Use Appropriate Data Structures

Choose data structures based on the operations you need to perform.

Good:

-- For random access
def getElement (arr : Array α) (i : Fin arr.size) : α :=
  arr[i]

-- For sequential access
def processList (data : List α) : List β :=
  data.map processElement

Testing Standards

Test Coverage

  • Write tests for all public functions
  • Test edge cases (empty inputs, boundary values)
  • Test error conditions
  • Use property-based testing where appropriate

Example:

def testVectorAddition : IO Unit := do
  -- Test basic functionality
  let v1 := Vec.mk' [1, 2, 3] (by rfl)
  let v2 := Vec.mk' [4, 5, 6] (by rfl)
  let sum := v1.add v2
  assert! sum.toList = [5, 7, 9]

  -- Test edge case: zero vector
  let zero := Vec.zero
  let result := v1.add zero
  assert! result.toList = v1.toList

  -- Test property: commutativity
  let sum1 := v1.add v2
  let sum2 := v2.add v1
  assert! sum1.toList = sum2.toList

Property-Based Testing

Use property-based testing to verify mathematical properties.

Example:

def testVectorProperties : IO Unit := do
  -- Test commutativity of addition
  for i in List.range 10 do
    let v1 := generateRandomVector i
    let v2 := generateRandomVector i
    let sum1 := v1.add v2
    let sum2 := v2.add v1
    assert! sum1.toList = sum2.toList

  -- Test associativity of addition
  for i in List.range 10 do
    let v1 := generateRandomVector i
    let v2 := generateRandomVector i
    let v3 := generateRandomVector i
    let sum1 := (v1.add v2).add v3
    let sum2 := v1.add (v2.add v3)
    assert! sum1.toList = sum2.toList

Security Considerations

Cryptographic Code

  • Never log sensitive data (keys, passwords, etc.)
  • Use constant-time operations where timing attacks are a concern
  • Validate all inputs to cryptographic functions
  • Use cryptographically secure random number generators

Good:

def secureHash (message : ByteArray) : ByteArray :=
  -- Validate input
  if message.size > MAX_MESSAGE_SIZE then
    panic! "Message too large"

  -- Process securely
  let hash := sha256 message

  -- Don't log sensitive data
  hash

Avoid:

def insecureHash (message : ByteArray) : ByteArray :=
  -- Logging sensitive data
  IO.println s!"Hashing message: {message}"

  -- No input validation
  sha256 message

Proof automation (optional)

mathlib already depends on Aesop.
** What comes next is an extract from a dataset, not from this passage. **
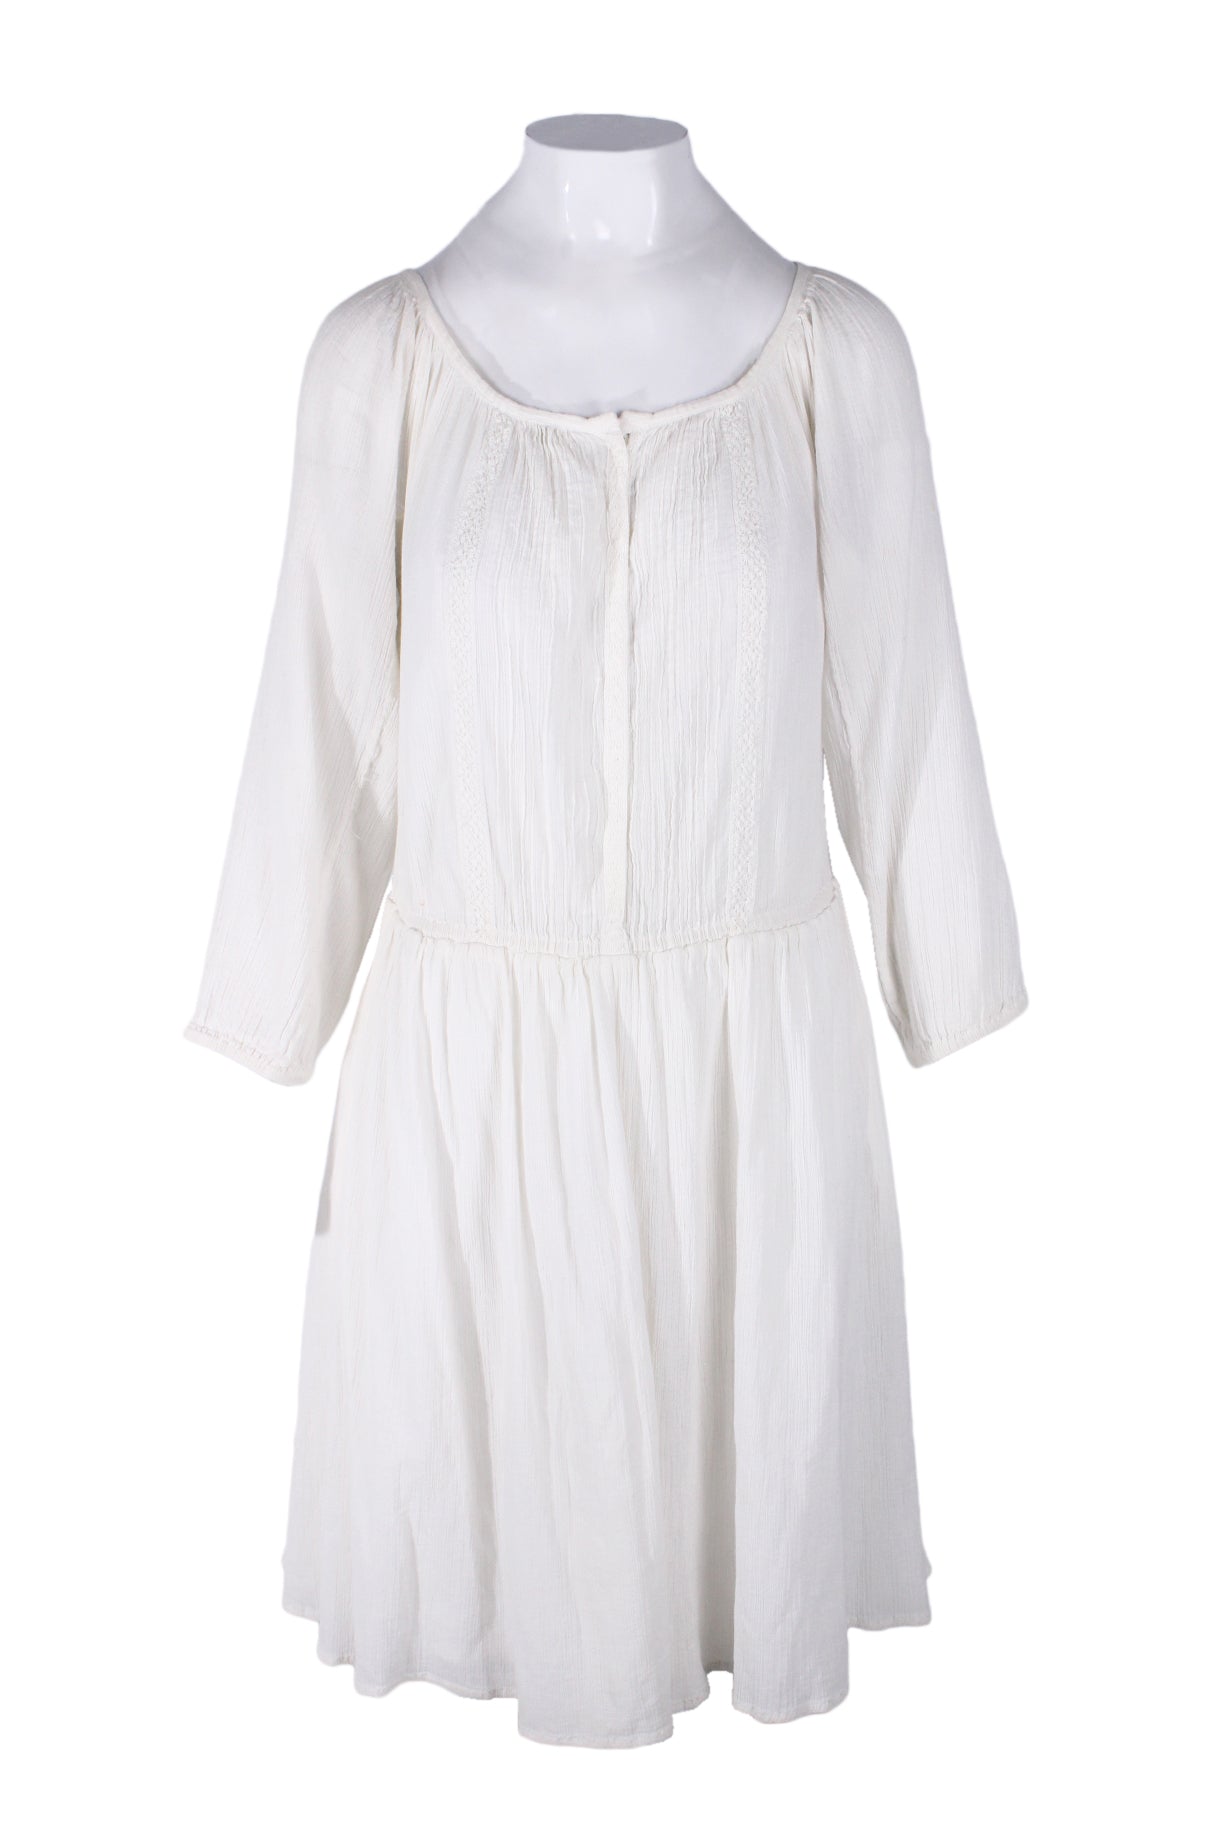 description: etoile isabel marant white long sleeve dress. features rounded neckline, eyelet fabric design elements throughout, cropped sleeves, side pockets, and cinched waist.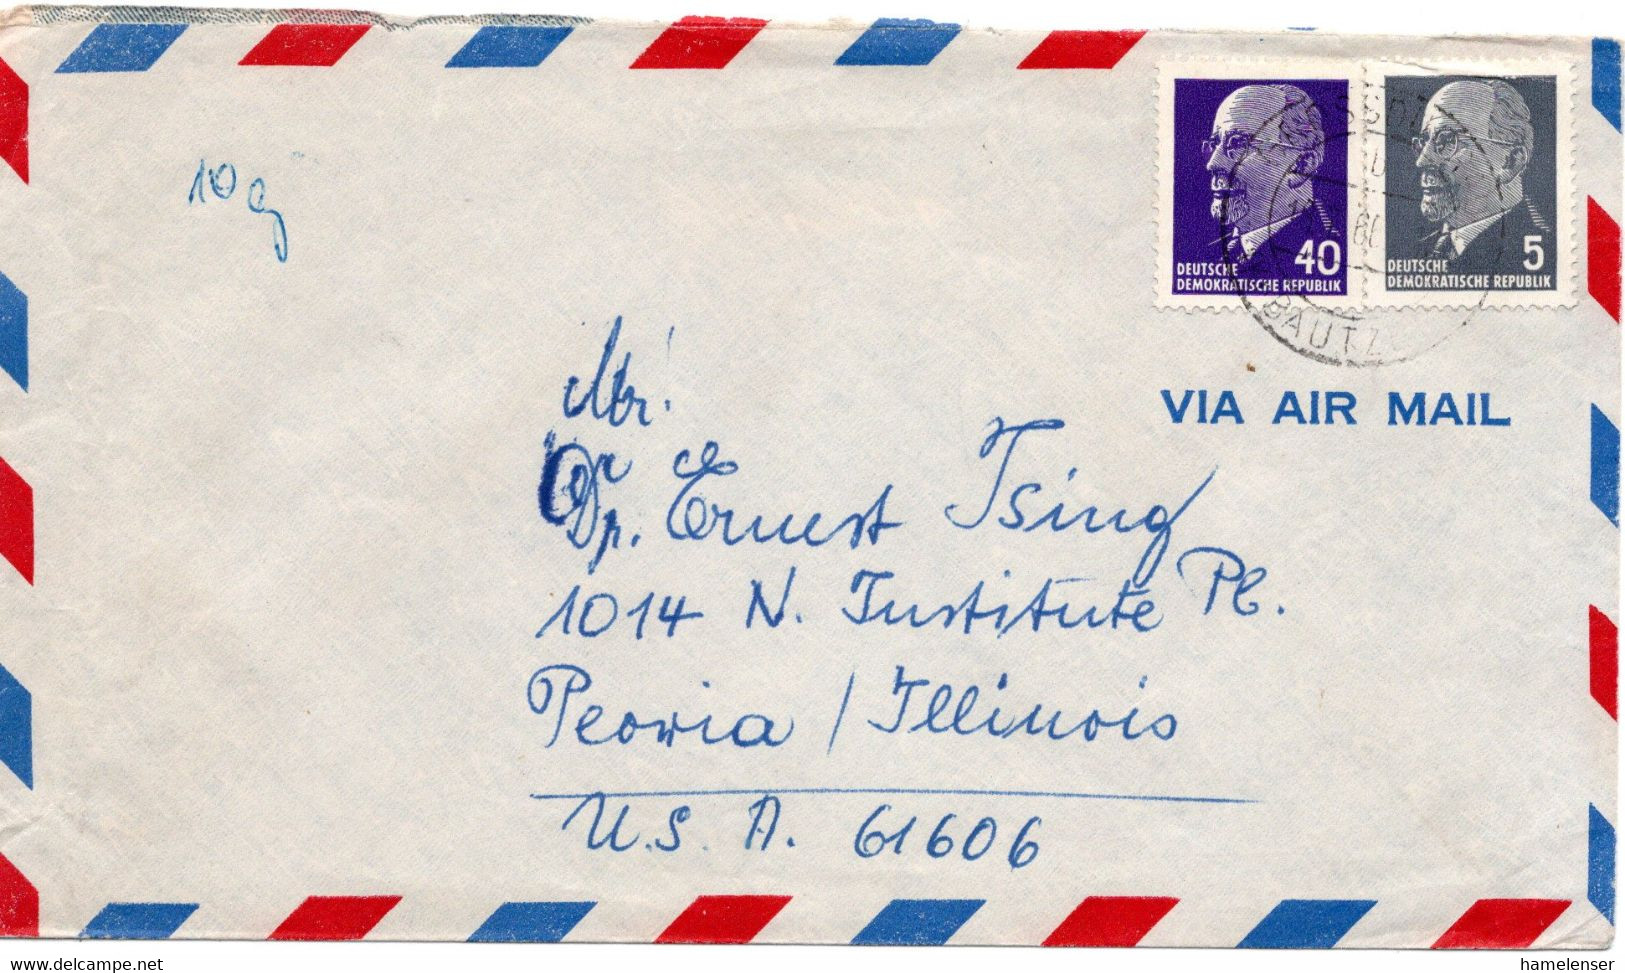 55643 - DDR - 1966 - 40Pfg. Ulbricht MiF A. LpBf. GROSSDUBROW -> Peoria, IL (USA) - Covers & Documents

When a proof is mostly search over a local algebraic goal, importing Aesop in that file (or a leaf module) is acceptable. Prefer short, stable proofs (simp, omega, rfl) when they communicate the mathematical step directly; reach for automation when it removes repetitive case splits without hiding the main idea.

Version Control

Commit Messages

Use Conventional Commits format:

<type>[optional scope]: <description>

[optional body]

[optional footer(s)]

Examples:

feat(crypto): add SHA-256 implementation

feat(math): implement vector operations

fix(vector): correct dot product calculation

docs(api): update cryptographic API documentation

test(crypto): add NIST test vectors for SHA-256

Branch Naming

Use descriptive branch names:

  • feature/add-hmac-implementation
  • bugfix/fix-vector-addition
  • docs/update-api-reference
  • test/add-crypto-benchmarks

Code Review Guidelines

What to Look For

  • Correctness: Does the code do what it's supposed to do?
  • Readability: Is the code easy to understand?
  • Performance: Are there any obvious performance issues?
  • Security: Are there any security vulnerabilities?
  • Testing: Is the code adequately tested?
  • Documentation: Is the code properly documented?

Review Process

  1. Functionality: Verify that the code implements the intended functionality
  2. Style: Check that the code follows the style guide
  3. Tests: Ensure that tests are comprehensive and pass
  4. Documentation: Verify that documentation is complete and accurate
  5. Security: Check for potential security issues
  6. Performance: Look for performance optimizations

Conclusion

Following this style guide ensures that the Lean Toolchain codebase remains consistent, readable, and maintainable. All contributors should familiarize themselves with these guidelines and apply them to their code.

Remember that the goal is to write code that is not only correct but also clear, well-documented, and easy to understand for future developers.